262 lines (195 loc) · 9.01 KB

ClickerScriptingLibrary

iOS device automation via Nomix Clicker API. Scripts simulate touch input and use AI screen recognition to navigate apps.

Running scripts

python3 -m scripts.instagram-warmup

Project structure

utils/
  __init__.py          — empty (import from submodules directly)
  clicker.py           — Clicker class (swipe, click, type)
  recognition.py       — Screen, Element, parse_screen()
  actions.py           — high-level helpers (open_app, chance_tap, post_comment, etc.)
  agent.py             — Agent class (autonomous AI task runner)
  api_helper.py        — low-level HTTP calls to Nomix API (don't use directly)
  environment.py       — config values (API_URL, API_KEY, DEVICE_ID)
  config_handler.py    — config.json loader with auto-reload every 300s
scripts/
  instagram-warmup.py  — reference implementation
config.json            — API_URL, API_KEY, DEVICE_ID

Imports

Import directly from submodules:

from utils.clicker import Clicker
from utils.agent import Agent
from utils.recognition import Screen, Element, parse_screen
from utils.environment import DEVICE_ID
from utils.actions import (
    open_app, swipe_feed, swipe_back, is_ad, chance_tap, post_comment,
    random_sleep, find_and_click,
)

Coordinate system

HID absolute coordinates: 0–32767 on both axes. Device-independent, same for all screen sizes.

Point Coords
Top-left (0, 0)
Center (16383, 16383)
Bottom-right (32767, 32767)
  • Swipe distance: typically 6000–8000 units
  • Element.center and Element.bbox are already in this coordinate space
  • bbox format from API: [y_min, x_min, y_max, x_max]

API reference

Clicker

clicker = Clicker(device_id: str)
clicker.device_id: str                        # stored device ID

clicker.click(coords: tuple[int, int], duration: int = 100)
# Moves cursor to coords, then clicks. duration = hold time in ms.

clicker.swipe(coords: tuple[int, int], up: int = 0, down: int = 0, left: int = 0, right: int = 0, duration: int = 300)
# Swipe from coords in given direction(s).
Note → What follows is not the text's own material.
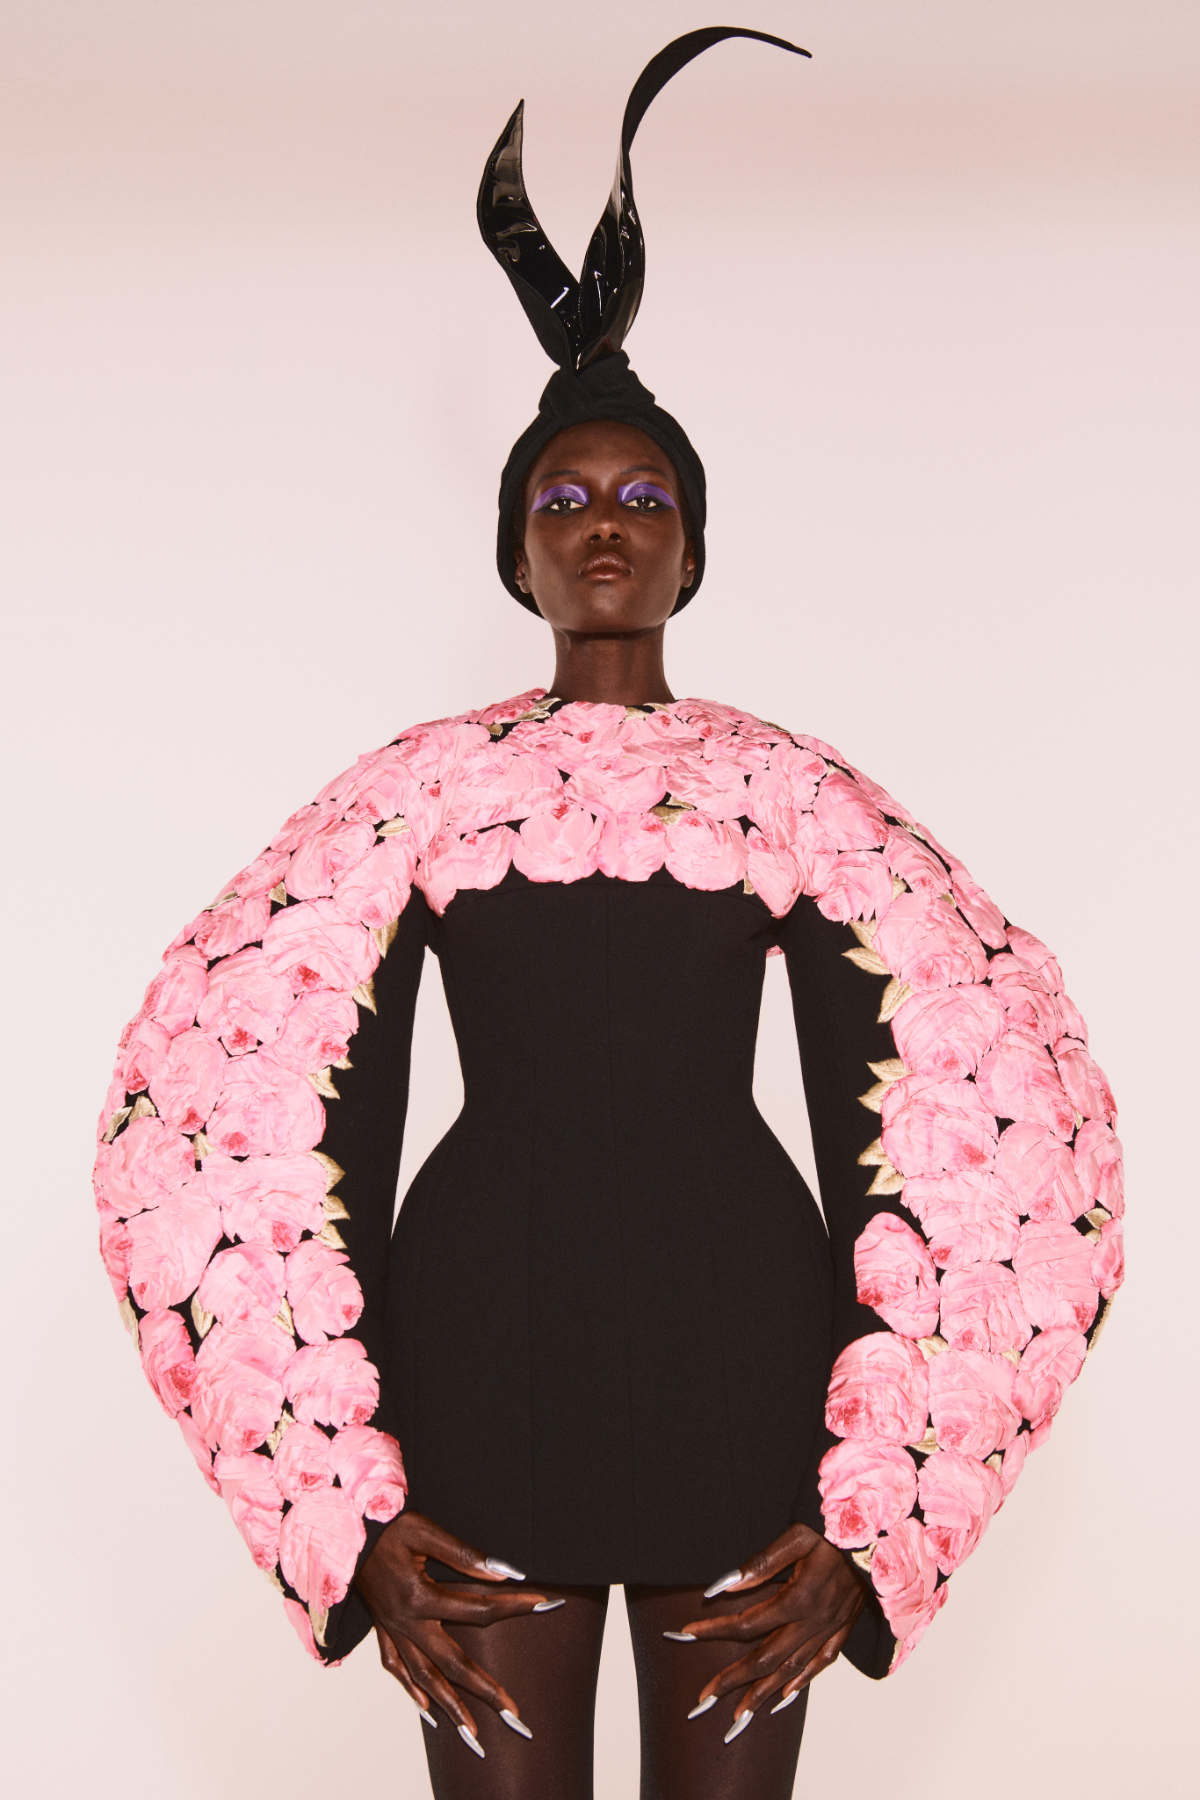 Schiaparelli Presents Its New Haute Couture FW21 Collection:

Distance in HID units.

clicker.type(text: str)
# Type text on device keyboard. Max 10000 chars.

Under the hood click calls POST /{device_id}/click (duration-based press at current cursor position) and move calls POST /{device_id}/move (absolute coordinate movement). Action endpoints don't raise on failure — they return {"success": bool, "message": str}.

Screen recognition

screen = parse_screen(device: str | Clicker) -> Screen | None
# Calls POST /{device_id}/screen-state. Timeout: 60s.
# Uses AI vision to parse the current screen into structured elements.
# Returns None on network/timeout errors (no try/except needed in scripts).

screen.app_name: str           # e.g. "Instagram"
screen.description: str        # natural language screen description
screen.elements: list[Element] # all detected UI elements
screen.latency: float          # API processing time in seconds

screen.find(*keywords: str, interactive_only: bool = True) -> tuple | None
# Find first element whose content contains any keyword (case-insensitive).
# Returns center coords (x, y) or None.

screen.find_and_click(clicker: Clicker, *keywords: str, interactive_only: bool = True) -> bool
# Find element and tap it. Returns True if found and tapped.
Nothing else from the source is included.